WAF: Standard protection against SQLi and XSS.

Service

Topology & Scaling:

Stateless Go/Java services deployed on Kubernetes.

Scaling based on CPU/Request count.

API Schema Design:

POST /v1/posts: Create a post.

GET /v1/sub/{id}/hot: Fetch ranked list.

POST /v1/votes: {target_id, target_type, direction}. Idempotent based on {user_id, target_id}.

Resilience & Reliability:

Circuit Breakers: Ensure that if the Vote Service is slow, it doesn't block the Feed Service.

Retries: Exponential backoff for post creation.

Storage

Access Pattern:

Reads: Extremely high, mostly by subreddit_id + score/time.

Writes: High for votes, moderate for posts/comments.

Database Table Design:

Post Table (PostgreSQL): id (PK), author_id, subreddit_id, title, content_url, score, comment_count, created_at.

Vote Table (Cassandra): target_id (K), user_id (C), direction. (Using NoSQL for high-write vote logs).

Technical Selection:

PostgreSQL: Used for posts and subreddits due to relational requirements and strong consistency for content creation.

Cassandra: Used for votes to handle massive write volume and provide tunable consistency.

Distribution Logic:

Sharding PostgreSQL by subreddit_id to keep community data together.

Cache

Purpose & Justification: Reduce DB load for feed generation.

Key-Value Schema:

sub:{id}:hot: Sorted Set (ZSET) in Redis where score = Hot Rank and member = Post ID.

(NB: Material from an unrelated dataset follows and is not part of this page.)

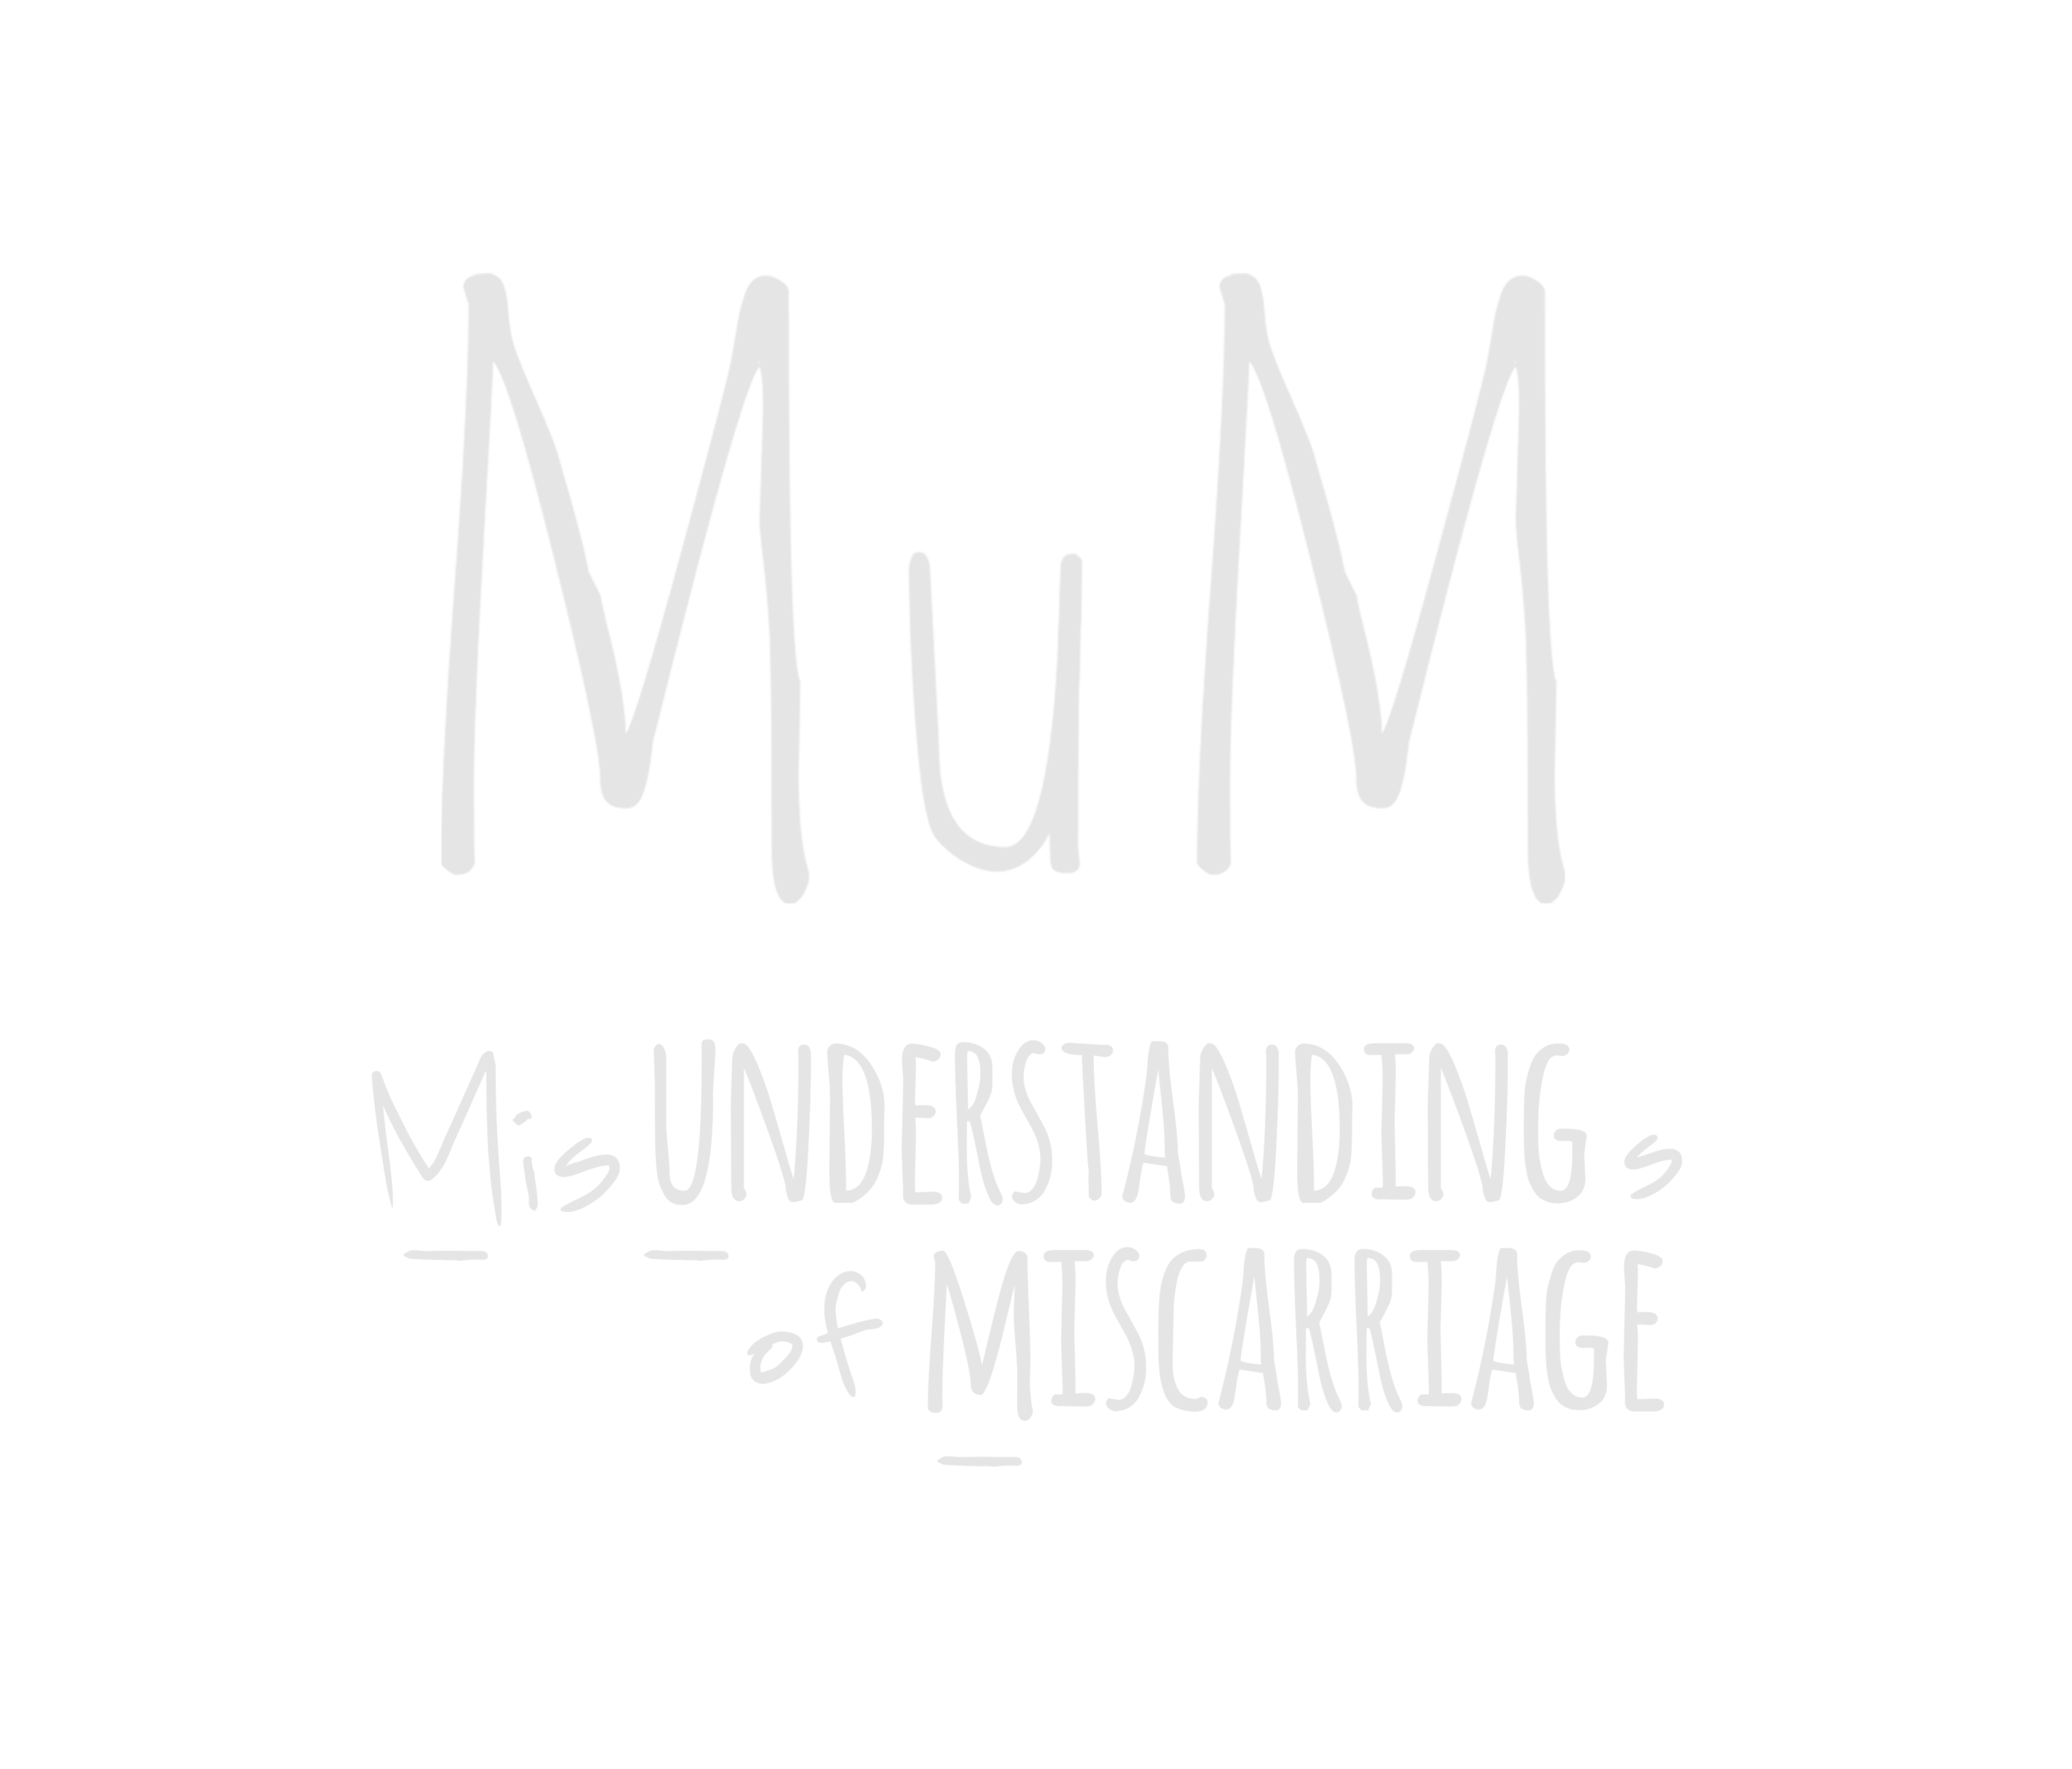 Misunderstandings of Miscarriage (MuM)

user:{id}:votes: Bitmap or Set to track which posts a user has already voted on.

Failure Handling: Cache-aside pattern. If Redis is down, services fall back to DB with strict rate limits.

Messaging

Purpose & Decoupling: Decouples vote submission from database updates to protect the Relational DB from write-spikes.

Event Schema: VoteEvent: {postId, userId, delta, timestamp}.

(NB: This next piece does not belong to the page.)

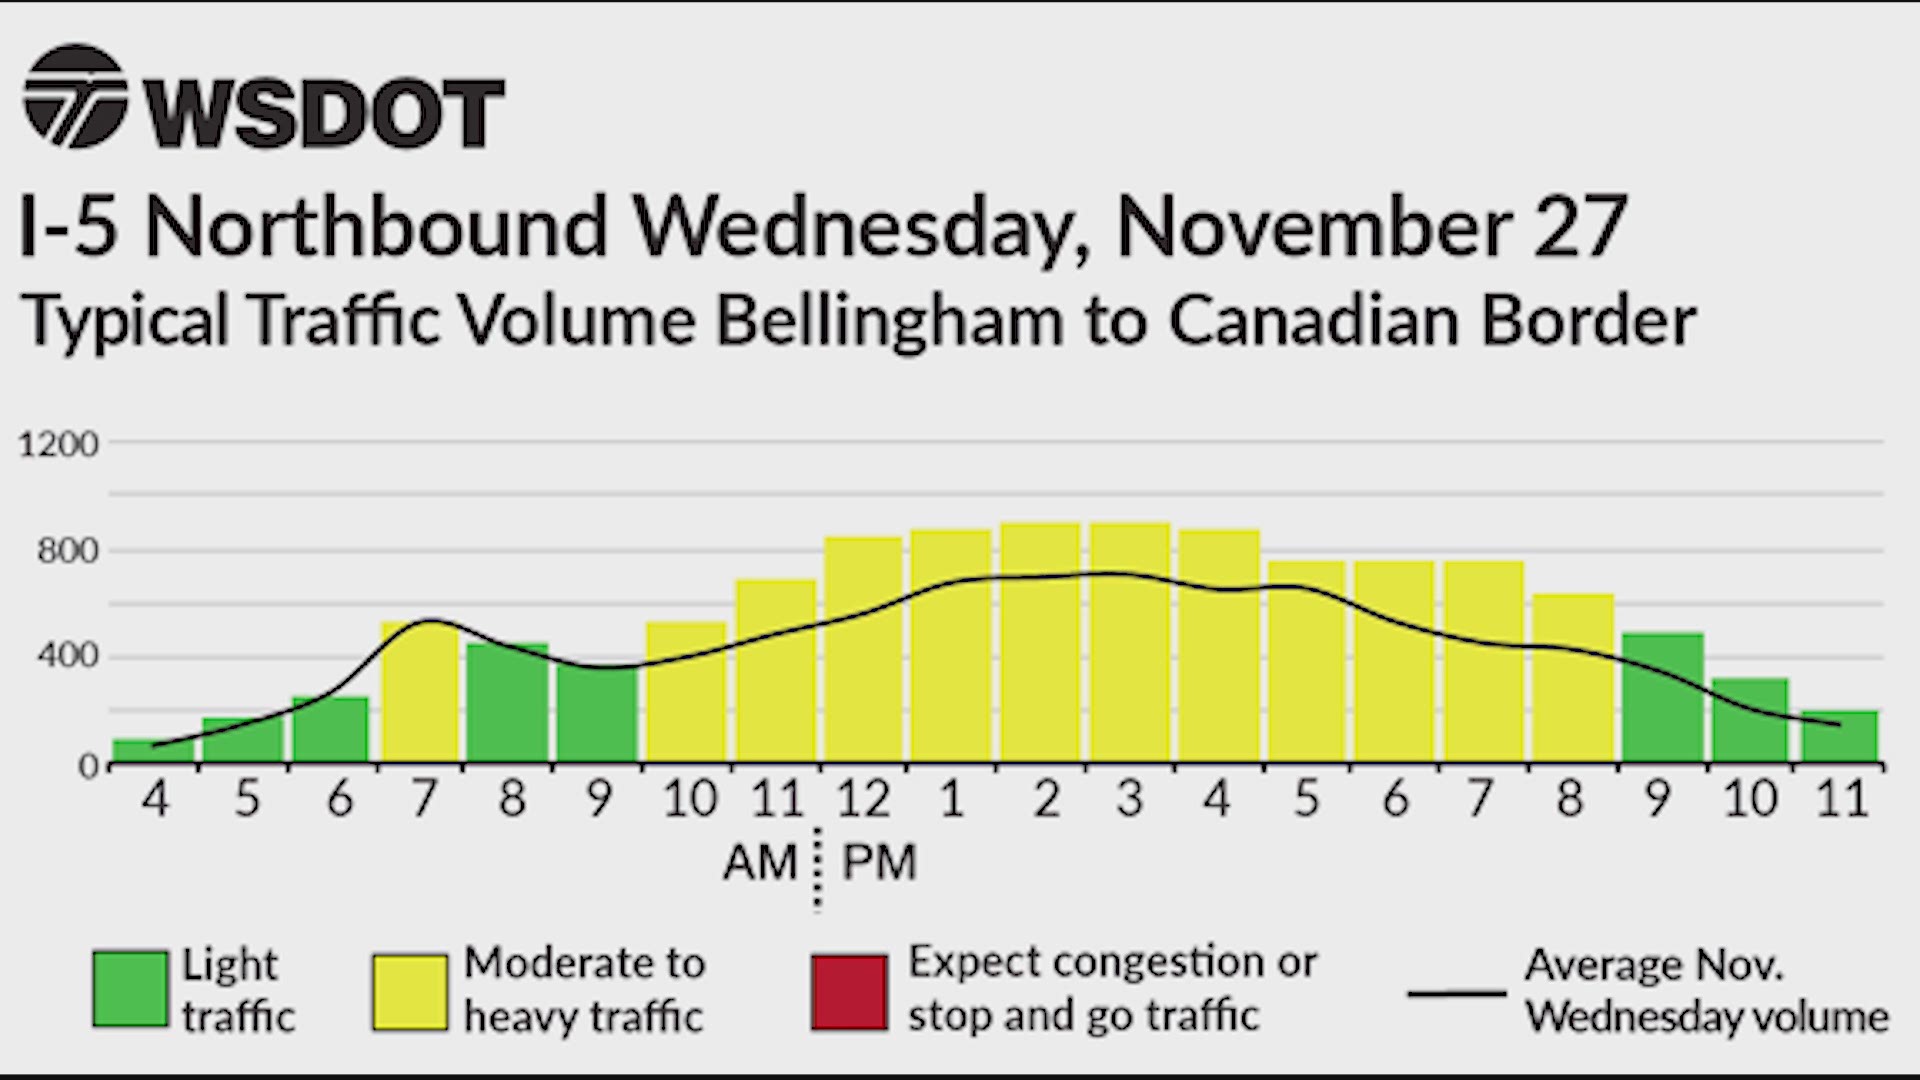 WSDOT traffic volume estimates for Wednesday 11/27

Throughput & Partitioning: Kafka topic partitioned by postId to ensure vote increments for a single post are processed sequentially to avoid race conditions.

Technical Selection: Kafka. High throughput and durability are critical here.

Data Processing

Processing Model: Streaming (for real-time ranking).

Processing DAG: Vote Queue -> Aggregator Service -> Batch Update DB Score + Update Redis ZSET.

Technical Selection: Custom Go consumer (Worker) is sufficient for MVP instead of Spark/Flink to keep complexity low (YAGNI).

Infrastructure (Optional)

Observability: Prometheus for metrics (RPS, Latency), ELK for logs, Jaeger for tracing request paths across services.

Wrap Up

Advanced Topics

Trade-offs (CAP Theorem): We choose Availability and Partition Tolerance (AP) for votes and feeds. It is better to show a slightly stale vote count than to fail the request.

Reliability: Use a "Dead Letter Queue" for failed vote processing. If the DB update fails, we can replay the vote events.

Bottleneck Analysis:

Hot Subreddits (e.g., r/news during an event): We use local memory caching (in-process) in the Feed Service for the top 100 items of the most active subreddits to bypass Redis.

Deep Comment Threads: Use a "More Comments" pagination approach to avoid fetching thousands of nested records in one query.

Security: RBAC for moderators and shadow-banning logic in the Post/Comment services to prevent spam.